Coming in time to help anyone doing tax planning for the final few months of 2019, the IRS has launched the new Tax Withholding Estimator. It is an expanded, mobile-friendly online tool designed to make it easier for everyone to have the right amount of tax withheld during the year.
The Tax Withholding Estimator replaces the Withholding Calculator. The new Tax Withholding Estimator offers workers – as well as retirees, self-employed individuals and other taxpayers – a more user-friendly step-by-step tool for effectively tailoring the amount of income tax they have withheld from wages and pension payments.

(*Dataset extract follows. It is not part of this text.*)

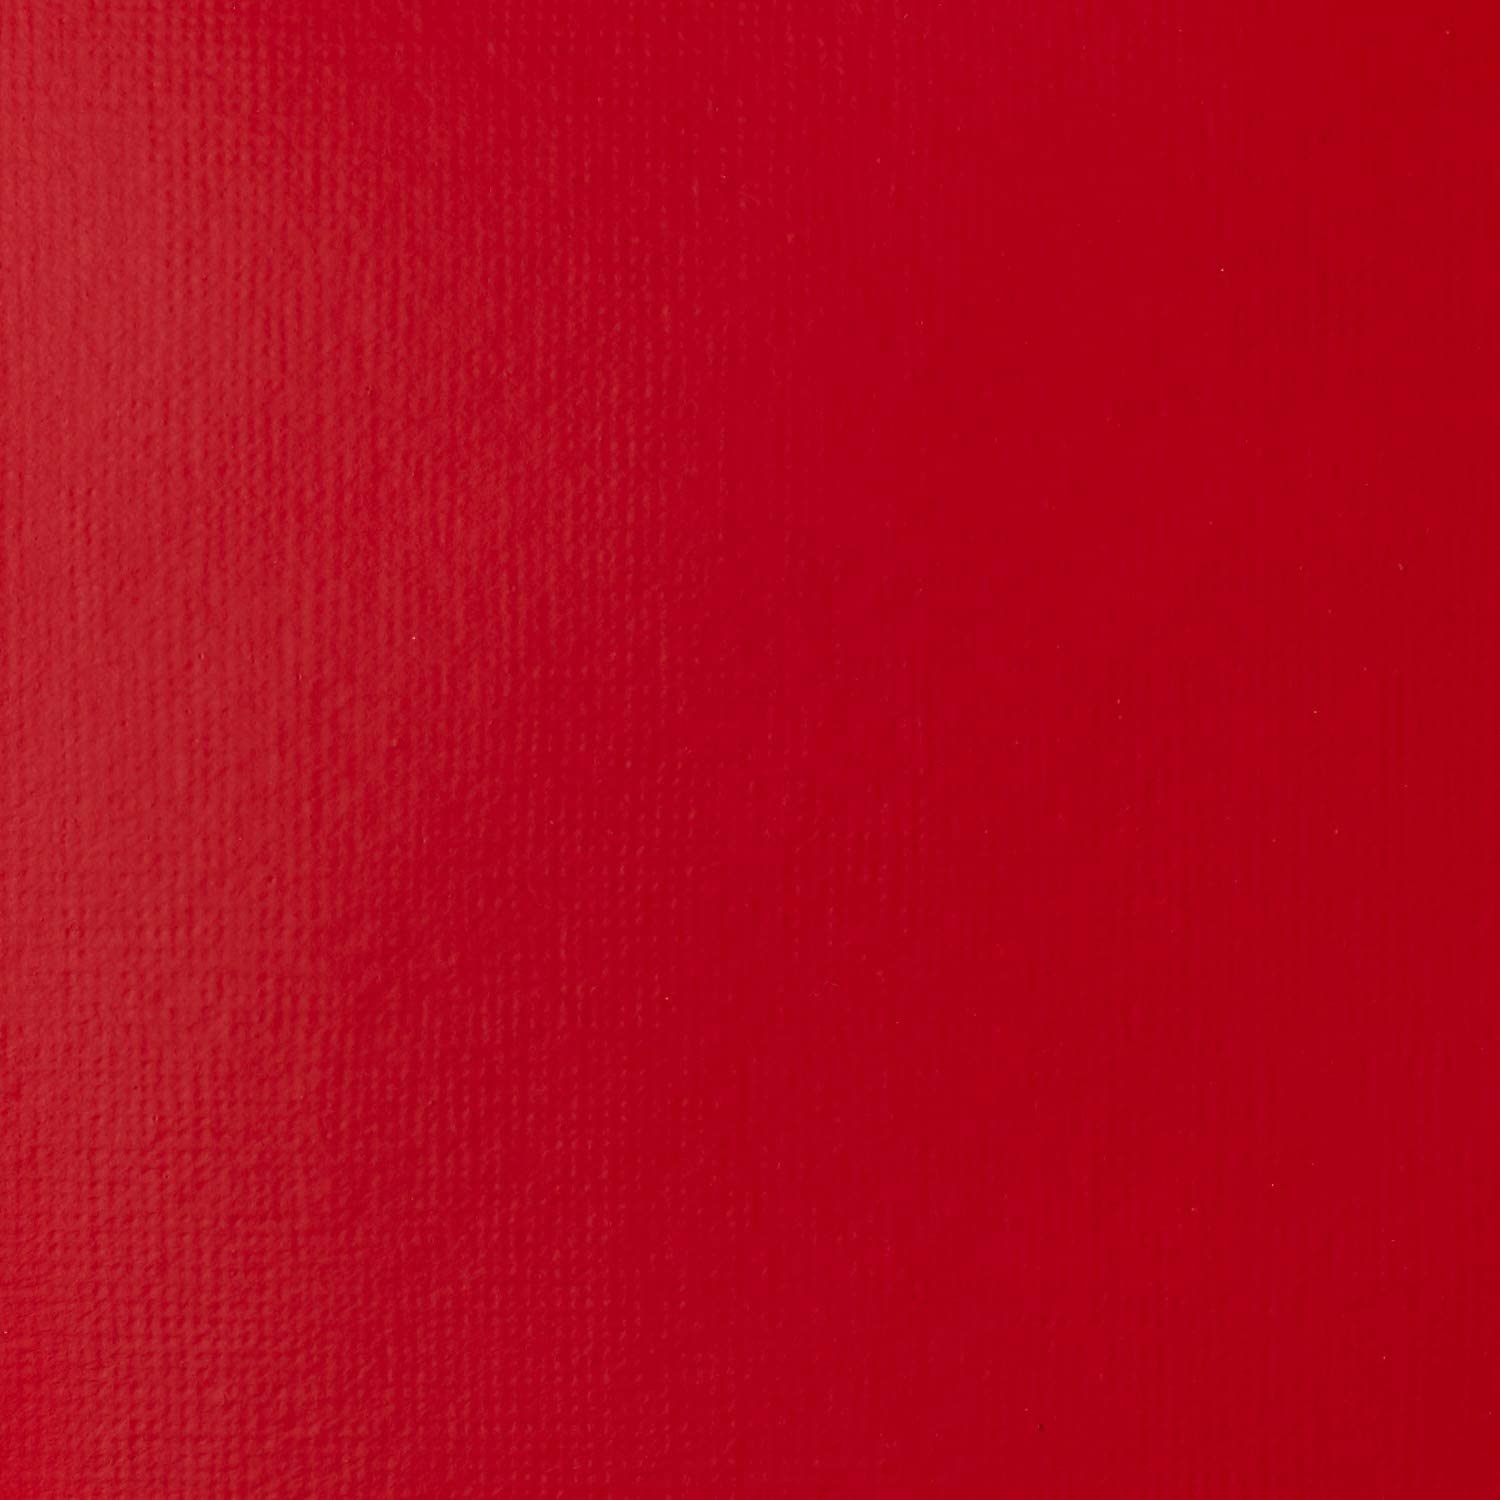 1046151 - Cadmium Red Medium Hue 2.jpg

The IRS took feedback and concerns of taxpayers and tax professionals to develop the Tax Withholding Estimator, which offers:
- Plain language throughout the tool to improve comprehension
- The ability to more effectively target at the time of filing either a tax due amount close to zero or a refund amount
- A new progress tracker to help users see how much more information they need to input
- The ability to move back and forth through the steps, correct previous entries and skip questions that don’t apply
- Enhanced tips and links to help the user quickly determine if they qualify for tax credits and deductions
- Self-employment tax for a user who has self-employment income in addition to wages or pensions
- Automatic calculation of the taxable portion of Social Security benefits
The Tax Withholding Estimator also makes it easier to enter wages and withholding for each job held by the taxpayer and their spouse, as well as separately entering pensions and other sources of income. At the end of the process, the tool makes specific withholding recommendations for each job and each spouse and clearly explains what the taxpayer should do next.
The IRS urges everyone to do a Paycheck Checkup and review their withholding for 2019. This is especially important for anyone who faced an unexpected tax bill or a penalty when they filed this year. It’s also an important step for those who made withholding adjustments in 2018 or had a major life change.
Those most at risk of having too little tax withheld include those who itemized in the past but now take the increased standard deduction, as well as two-wage-earner households, employees with nonwage sources of income and those with complex tax situations.
The South Carolina Department of Revenue recently announced it is planning to adjust its withholding tables based on upcoming W-4 revisions, along with advice and warnings about over-withholding.
To get started with the IRS’s new tool, check out the Tax Withholding Estimator on IRS.gov.